Para mais, Fernando Jorge tem de memória o fogo de Pedrógão Grande, pois que nessa tarde de 2017 estava na zona do rio Zêzere e percebeu como o fogo tão depressa passava para o lado de lá da barragem, como voltava. É o mesmo interior do país.

"Toda a gente de bom senso deve ter esta posição do emparcelamento e ordenamento da floresta. Mas não tem havido coragem na Assembleia da República e nem em nenhum governo para o fazer. Porque perdem votos", conclui.

À beira dos 70 anos, Fernando Jorge sabe do que fala. "Se falarmos nisso aqui com as pessoas que têm terrenos, muitas delas não moram cá, e lhes falar em trocar um terreno pelo outro para ficarem juntos, não querem.

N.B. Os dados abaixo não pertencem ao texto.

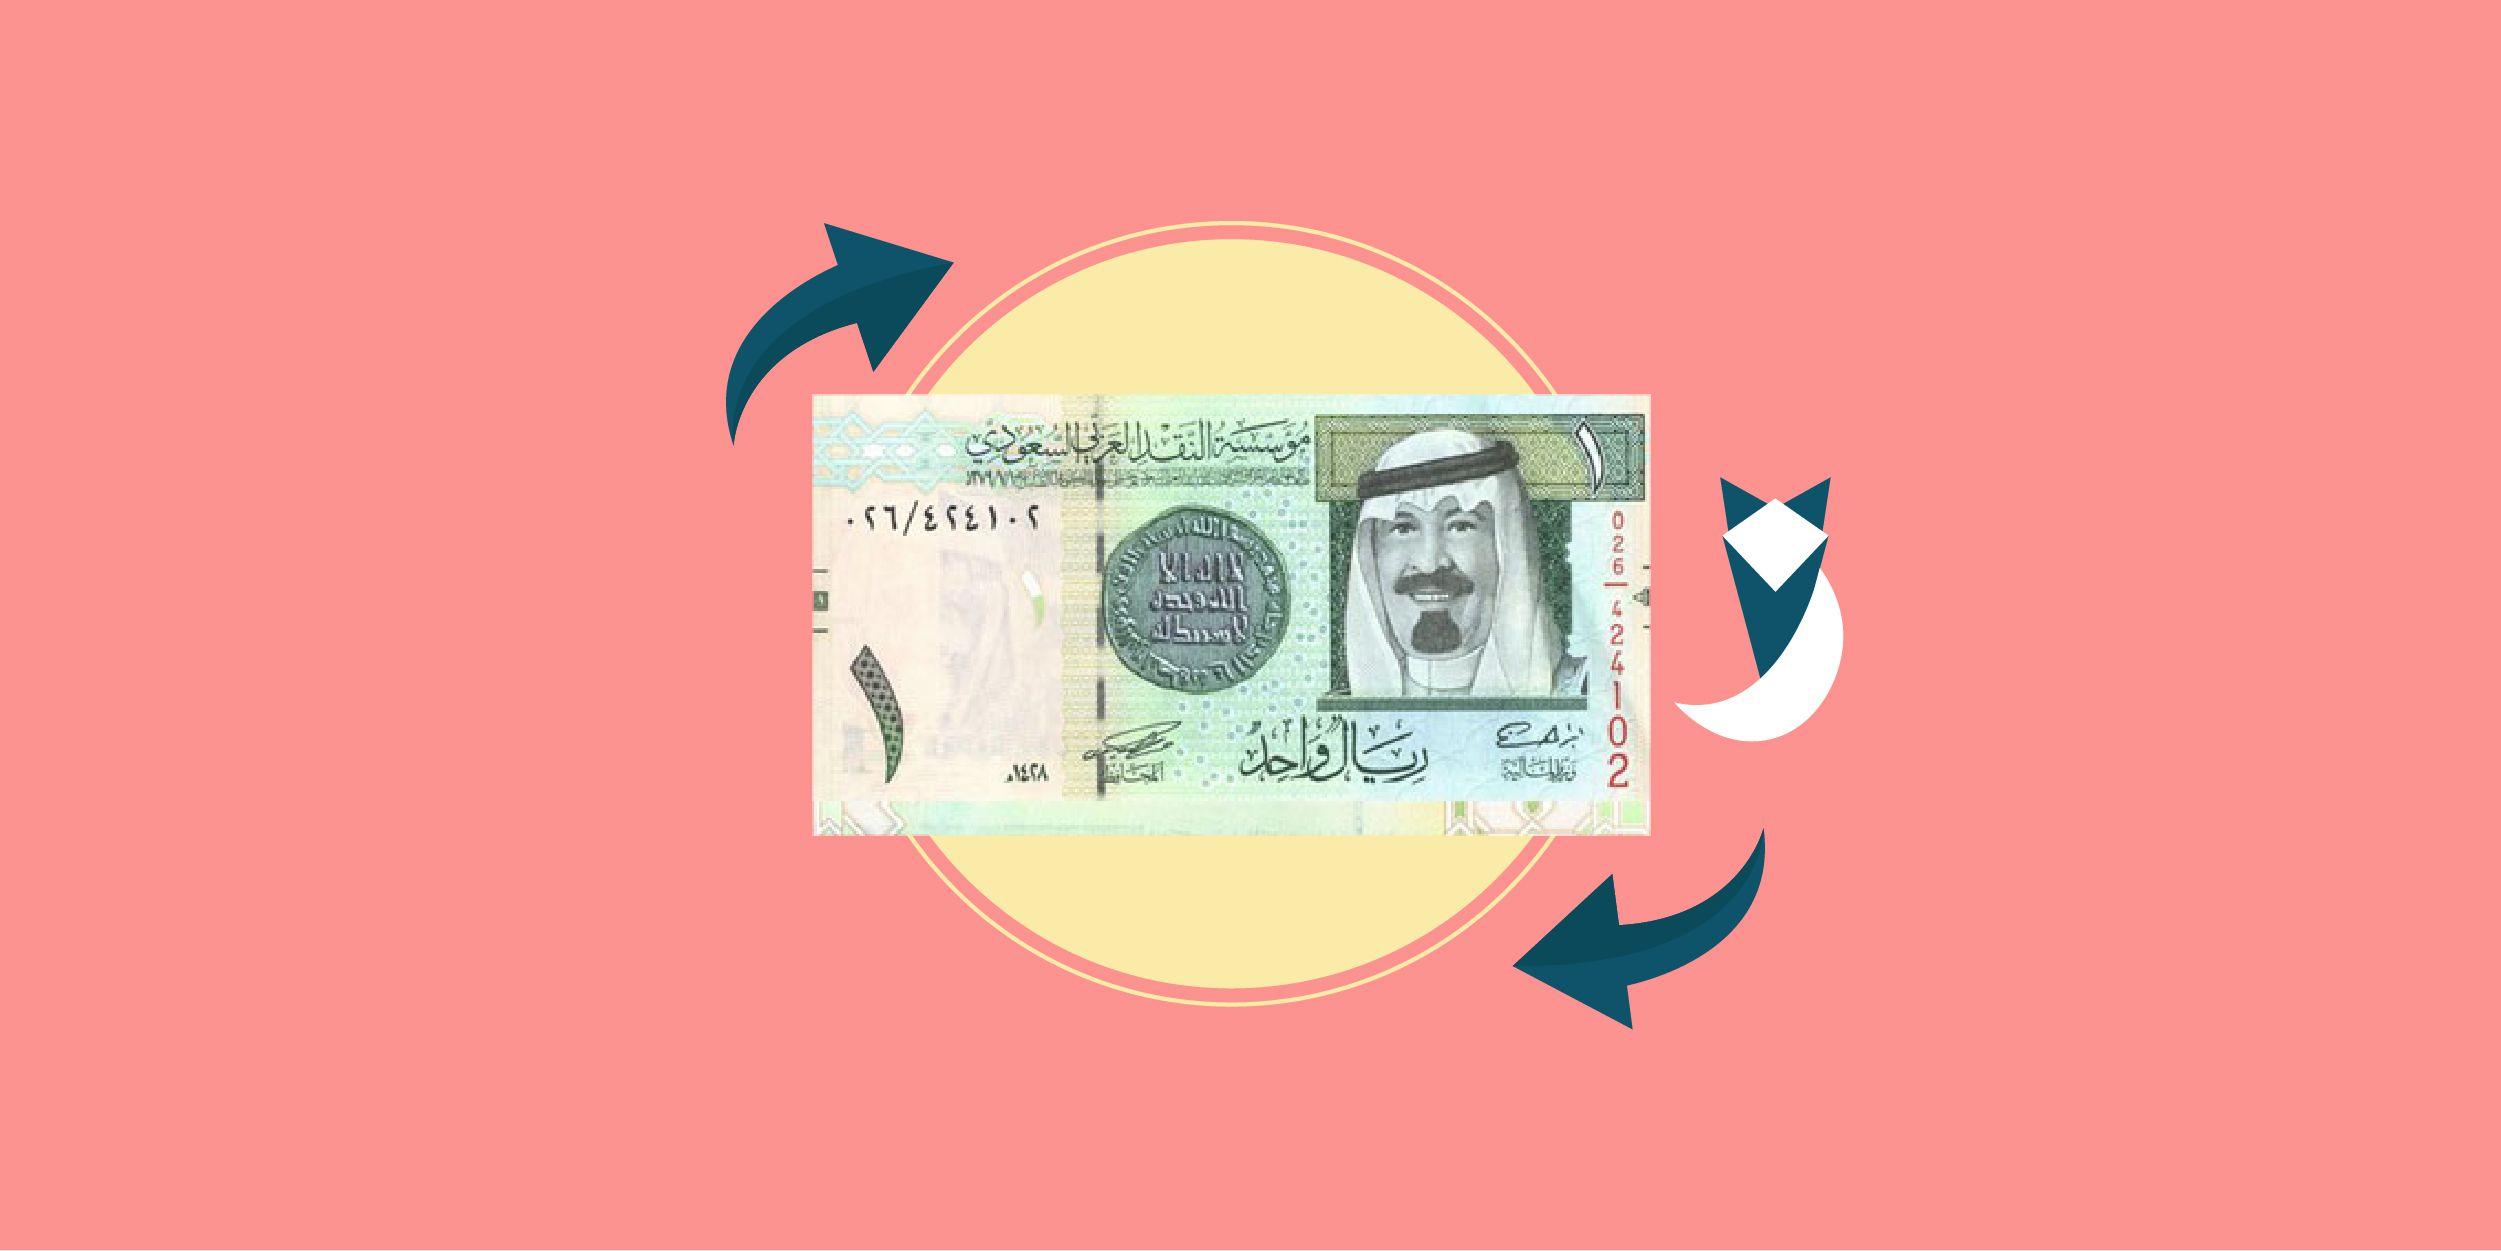 سعر الريال السعودي في البنوك اليوم: الخميس 5 أغسطس2021

É um problema de mentalidade".

"Em 2017, quando os terrenos arderam todos e ficou tudo a valer o mesmo, falei com várias pessoas e nem uma me disse que sim", conclui.

Ministro elogia "trabalho exemplar"

O ministro da Administração Interna, Eduardo Cabrita, considera que o trabalho de combate ao fogo de Oleiros foi exemplar. "Temos tido uma capacidade de resposta que permite que 95% das ocorrências sejam eliminadas na sua primeira hora", no que respeita aos reacendimentos, disse, durante a conferência de imprensa a propósito da pandemia, mas que acabou por resvalar para o tema dos incêndios.

Quanto às acusações de descoordenação no terreno, parecem-lhe infundadas. "Segundo o contacto com os autarcas, aquilo que é testemunhado é uma exemplar coordenação de forças. Só isso permitiu num incêndio de grande dimensão e com um potencial catastrófico, manter uma resposta com aquilo que são as prioridades estratégicas: salvaguarda da vida humana, segurança de bens e definir uma estratégia para que o incêndio fosse considerado dominado".

De resto, Eduardo Cabrita sublinha que "quando há fenómenos (eruptivos, muito significativos) de propagação do fogo, como aqueles que as televisões testemunharam na noite de sábado para domingo, com a conjugação plena dos fatores de risco - temperaturas muito elevadas que chegaram a atingir 43 graus na zona do incêndio, ventos superiores a 65 km/hora e níveis muito baixos de humidade relativa - neste contexto a resposta ao incêndio torna-se muito complexa. E é compreensível a preocupação das populações". Porém, o ministro insiste que "só a boa coordenação da resposta de todos os agentes (nacionais e bombeiros locais) permitiu aquilo que consideramos um bom resultado".